Amidst the pandemic, education ministers have remained focused on making sure we give teachers the training and support they need to give pupils the education vital to enable them to steer their own destinies. We are implementing the most significant reforms to teacher training in a generation, making sure all teacher training courses are rooted in evidence of what works, such as the importance of the explicit teaching of knowledge and how to manage classroom behaviour. And from September we are changing teacher induction to give all newly qualified teachers two years of mentored support based on the new Early Career Framework developed by some of the best training organisations in the country.

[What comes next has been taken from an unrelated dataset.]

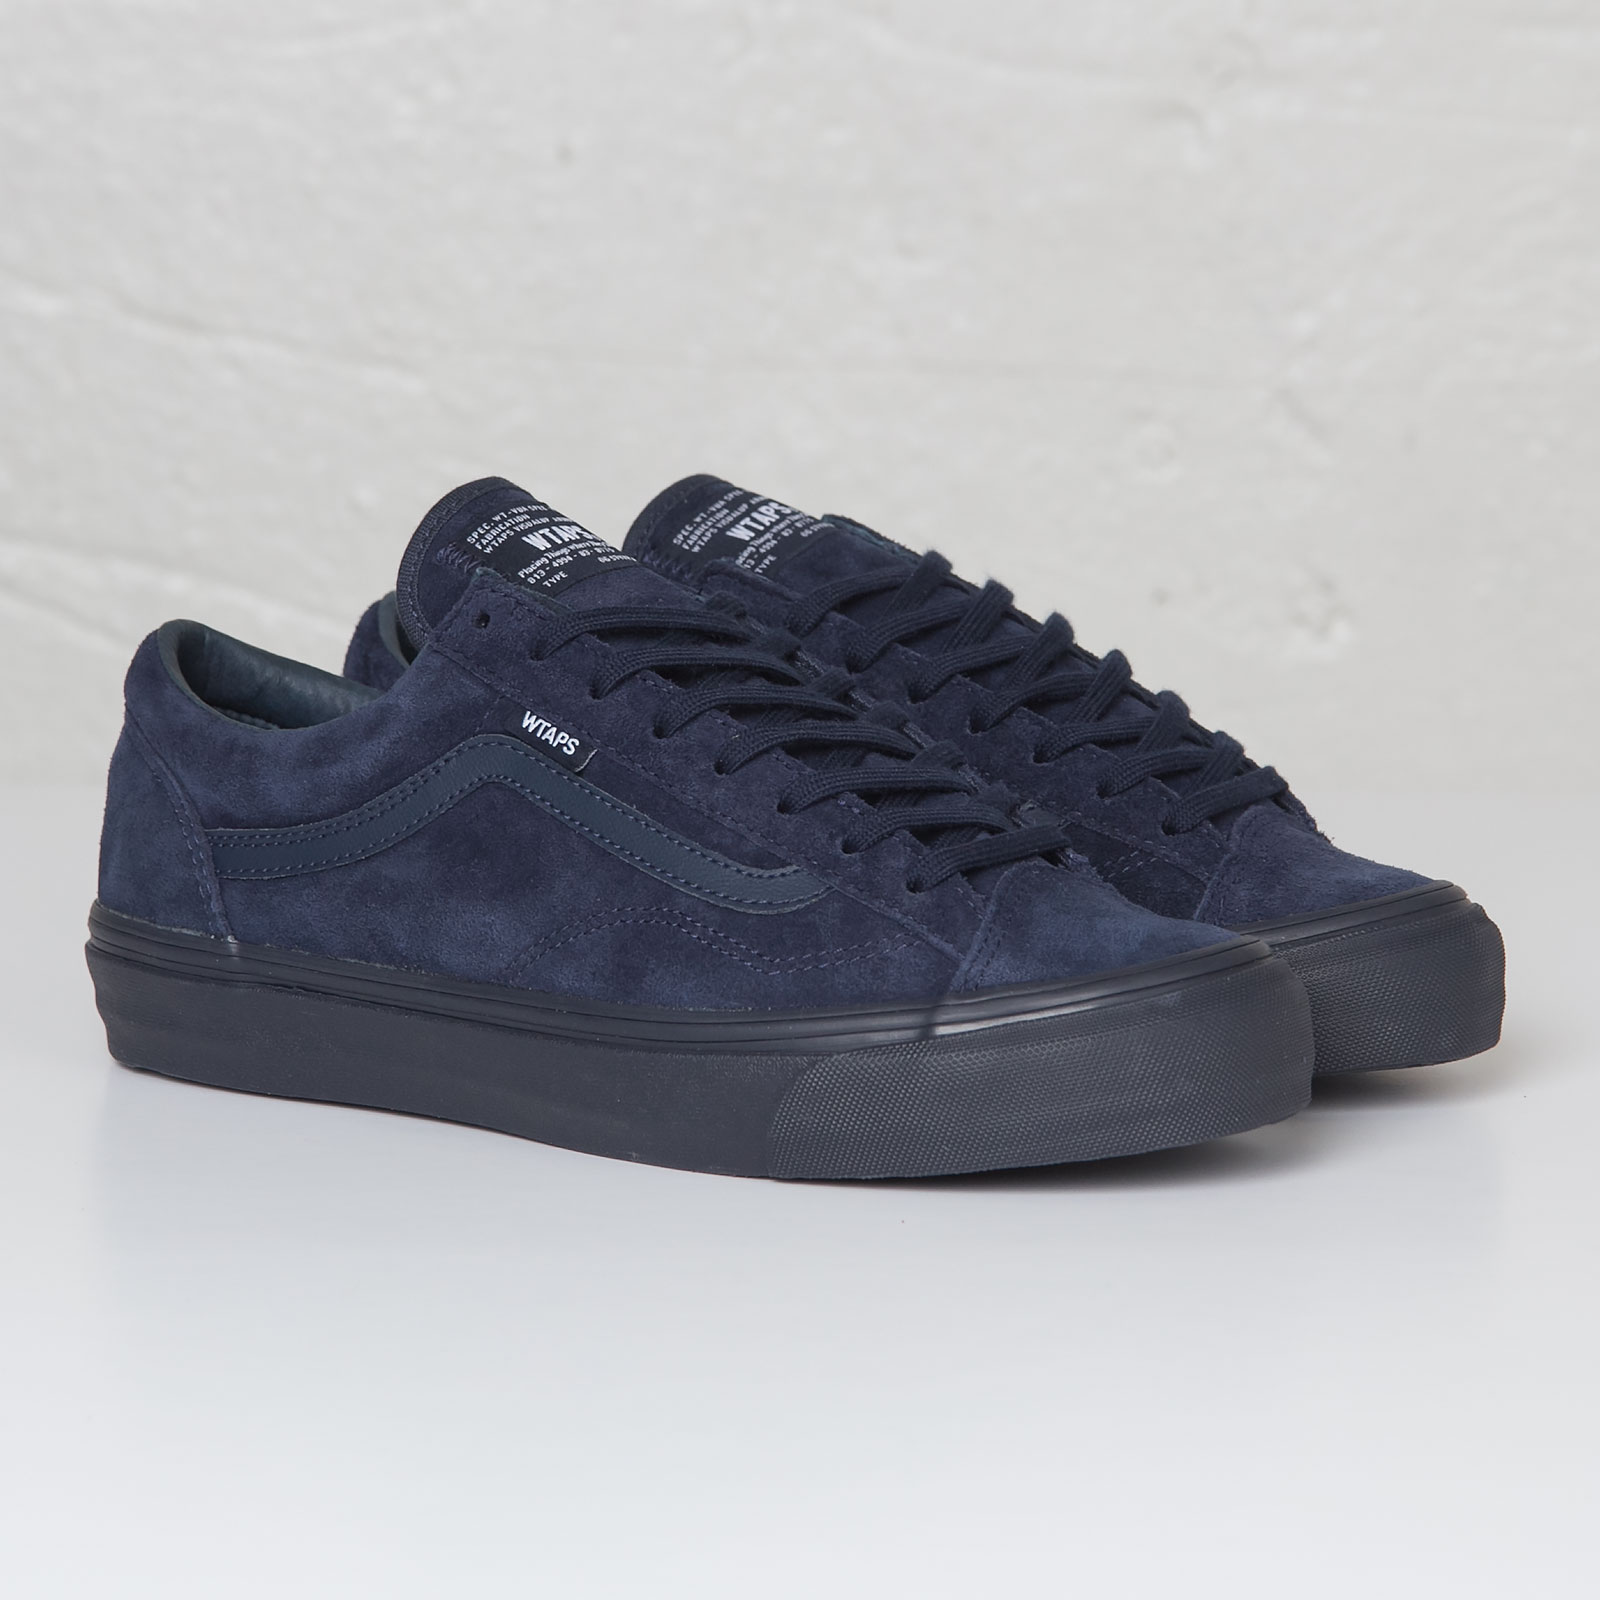 LxwtapsVsf5gw8 36 SneakersnstuffSneakers Style Vans Og WEDHI29
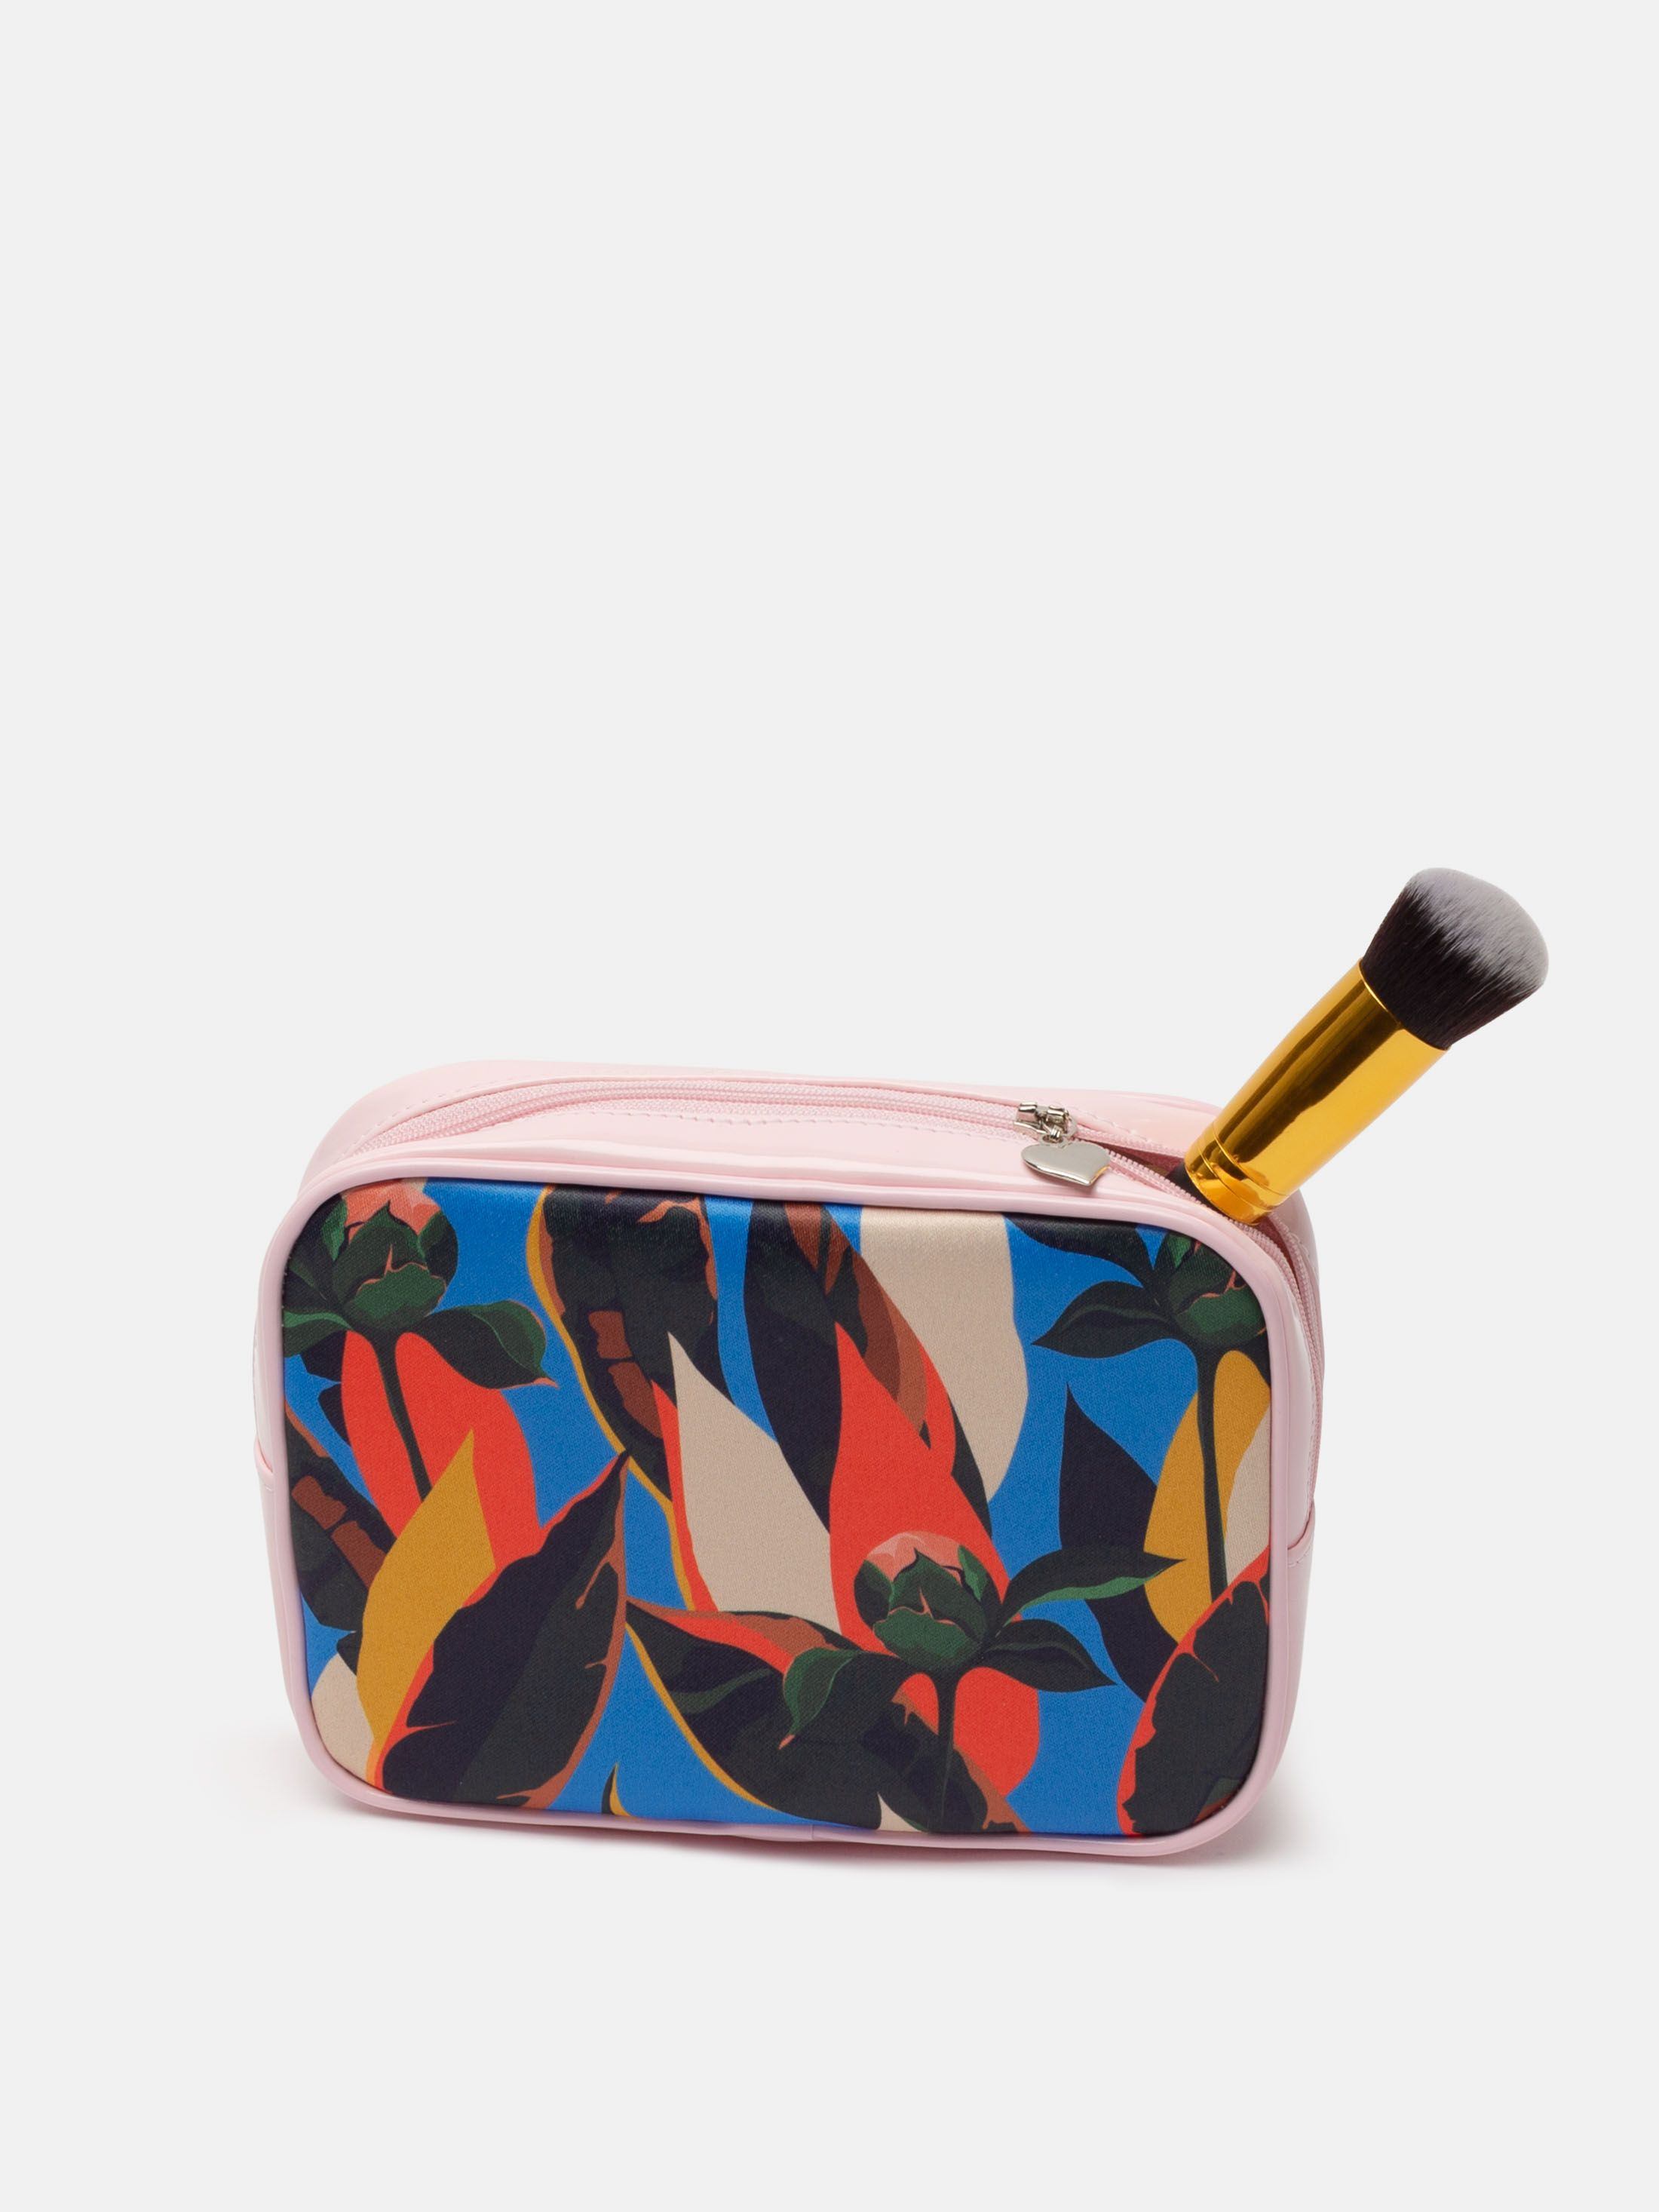 Custom Makeup Bags Design Your Own

Alongside this, our new Institute of Teaching will give a new generation of teachers the expertise they need to drive up standards in our schools. Opening in September 2022, it will be the first organisation of its kind, delivering first-rate professional development for teacher trainees through to executive heads and system leaders, challenging failed education orthodoxies of the past, putting evidence based approaches at its core and delivering the pluralism demanded by Jonathan Clark in his ConHome article this week.
We are determined to return to full exams from next summer. Put simply, unseen external examinations are the fairest and most valid means we have to assess what pupils have learned in their time at school. And our reformed GCSEs are the gold standard of validating pupils’ attainment. Those who seek their abolition are profoundly mistaken. GCSEs help to deliver a well-structured and broad academic curriculum. For a significant minority they will be the only academic qualifications they hold – hugely important for any future career change. And GCSE results help to hold schools to account.
We must strongly resist the calls from those who talk about ripping up our curriculum to make it more ‘relevant’ or to make it solely about preparing pupils for work. This would be to deny children their birthright – and it’s the most disadvantaged in society who would suffer the most, who may have less access to this rich knowledge in the home.
I believe that the purpose of education is to open up a pupil’s mind to the finest examples of human endeavour – what Oakeshott called “an inheritance of human achievements” – unlike the tepid child-led progressivism of the Left.
We have achieved much over the past 11 years, but there is much more to do. We must look to those areas of the country that remain left behind and those areas of policy where the education revolution is unfinished. With children back in school, and with the sunlight of spring in the sky, this is a Government – and a Schools Minister – energised by the task ahead of us.